Will add notes on submissions for chr6 evaluations against dipcall truth here:
40 HPRC GATK-SV, w/o realign flags, 5 samples failing: https://app.terra.bio/#workspaces/allofus-drc-wgs-LR-prodPaper/AoU_DRC_WGS_LongReads_Imputation/job_history/16dd0d83-52da-4e48-b81e-fe51a87a90f7 40 HPRC GATK-SV, w/ realign flags, 1 sample failing: https://app.terra.bio/#workspaces/allofus-drc-wgs-LR-prodPaper/AoU_DRC_WGS_LongReads_Imputation/job_history/5aa1a8f0-8235-4e39-b11f-85266bc02bde
40 HPRC SR vs. full HPRC+AoU1, w/o realign flags: https://app.terra.bio/#workspaces/allofus-drc-wgs-LR-prodPaper/AoU_DRC_WGS_LongReads_Imputation/job_history/afd5183c-cc35-4949-a5bc-6f4f61b9e585 40 HPRC SR vs. full HPRC+AoU1, w/ realign flags: https://app.terra.bio/#workspaces/allofus-drc-wgs-LR-prodPaper/AoU_DRC_WGS_LongReads_Imputation/job_history/c642a3ca-afeb-40b8-a030-f46464867a3d
InputPhasedPanelEvaluation construction/evaluation of HPRC+AoU1-leave-out-40-HPRC, w/ realign flags: https://app.terra.bio/#workspaces/allofus-drc-wgs-LR-prodPaper/AoU_DRC_WGS_LongReads_Imputation/job_history/eb8b7b5c-4962-4b4f-a7d4-42ec72dd0cbe
40 HPRC LR HPRC+AoU1 filter+concat, w/ realign flags: https://app.terra.bio/#workspaces/allofus-drc-wgs-LR-prodPaper/AoU_DRC_WGS_LongReads_Imputation/job_history/128c0302-7110-43f7-93e5-95633875ea0d 40 HPRC LR HPRC+AoU1 panel, w/ realign flags: https://app.terra.bio/#workspaces/allofus-drc-wgs-LR-prodPaper/AoU_DRC_WGS_LongReads_Imputation/job_history/ef9cf97c-6342-42e6-a6e7-4772b9882e39
Note that the realign flags seem to make a minimal impact, at least from spot checking; I'll double-check with plots across all samples.

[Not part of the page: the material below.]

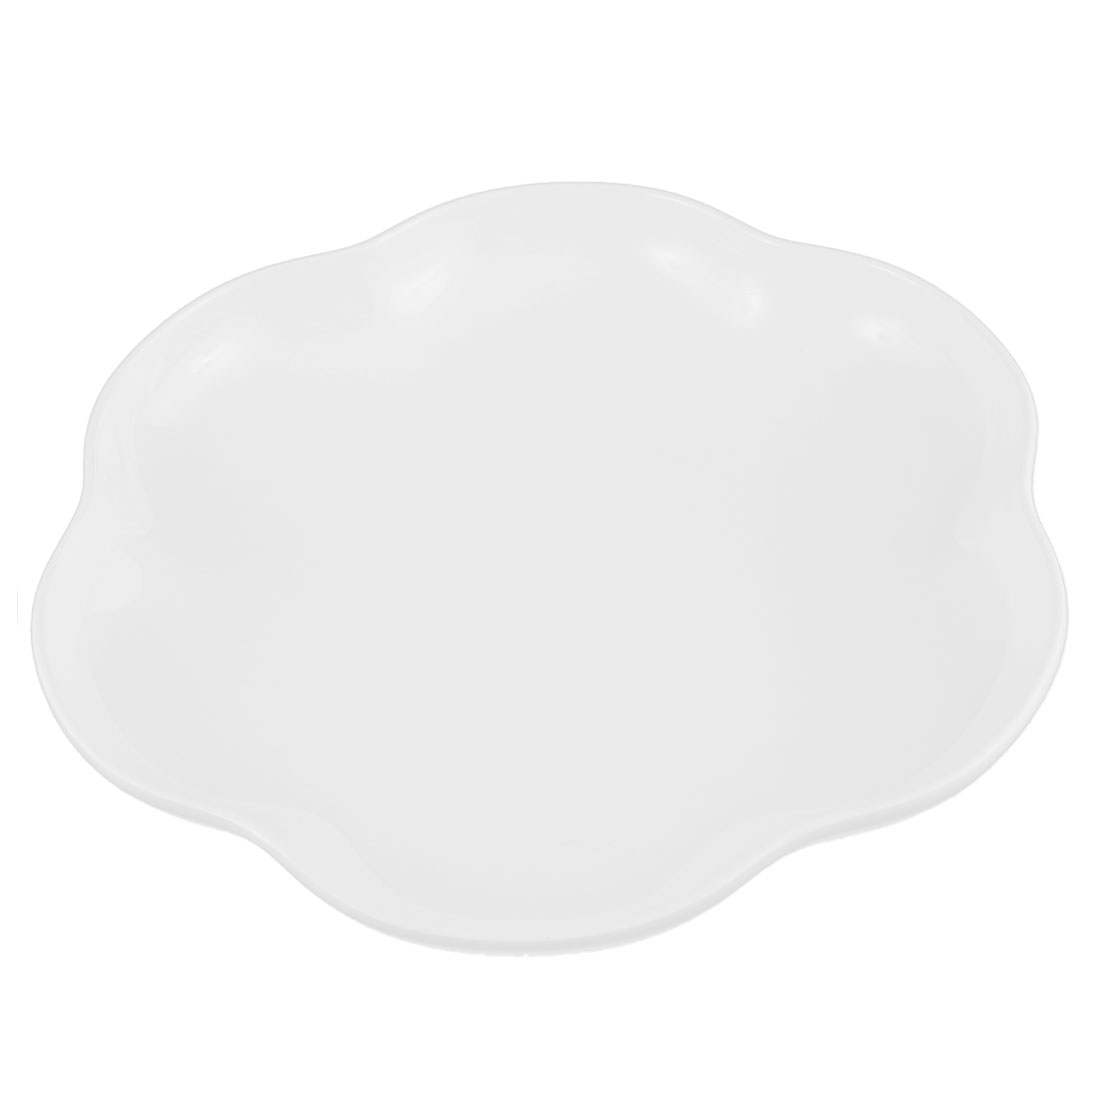 Home Plastic Lotus Shape Fruits Dessert Dish Plate White

Given maintained accuracy seen in https://github.com/broadinstitute/lrma-aou1-panel-creation/issues/38#issuecomment-239236454, we can proceed with a sharded run with AF>=0.01 + 10kb SV windowing over all of chr6.
To determine more appropriate shards, we can use a run linked in that comment, for which we only ran 2 manually specified 10Mb Shapeit4 shards: https://app.terra.bio/#workspaces/allofus-drc-wgs-lr-prod/AoU_DRC_WGS_LongReads_PacBio%20PAPER%20COPY/job_history/6e2c5ed2-a102-466e-9dbc-8eae7bae1021
This run contains an filtered+windowed+FilterAndConcat (where FilterAndConcat refers to singleton filtering and short+SV concatenation) VCF over all of chr6, not just the 2 10Mb shards, which is the input to Shapeit4: gs://fc-secure-8e5a6fd7-16ae-4796-80ed-8f0463af5ff1/submissions/6e2c5ed2-a102-466e-9dbc-8eae7bae1021/PhasedPanelEvaluation/bf009a41-e06b-446e-a62b-03373f65dc8c/call-FilterAndConcatVcfs/HPRCAOU.chr6.filter_and_concat.vcf.gz
We can use the GLIMPSE1 chunk tool on this VCF to generate better shards than our naive 10Mb shards:
./GLIMPSE_chunk_static -I HPRCAOU.chr6.filter_and_concat.vcf.gz --region chr6 --window-size 10000000 --buffer-size 500000 -O chr6.chunks.tsv
[GLIMPSE] Split chromosomes into chunks
* Author : Simone RUBINACCI & Olivier DELANEAU, University of Lausanne
* Contact : simone.rubinacci@unil.ch & olivier.delaneau@unil.ch
* Version : 1.1.1
* Run date : 03/10/2024 - 20:59:14
Files:
* Input VCF : [HPRCAOU.chr6.filter_and_concat.vcf.gz]
* Chromosome : [chr6]
* Output file : [chr6.chunks.tsv]
Parameters:
* Seed : 15052011
* #Threads : 1
* Min. Window size : 10000000bp / 1000 variants
* Min. Buffer size : 500000bp / 100 variants
Reading input files
* Main : [HPRCAOU.chr6.filter_and_concat.vcf.gz]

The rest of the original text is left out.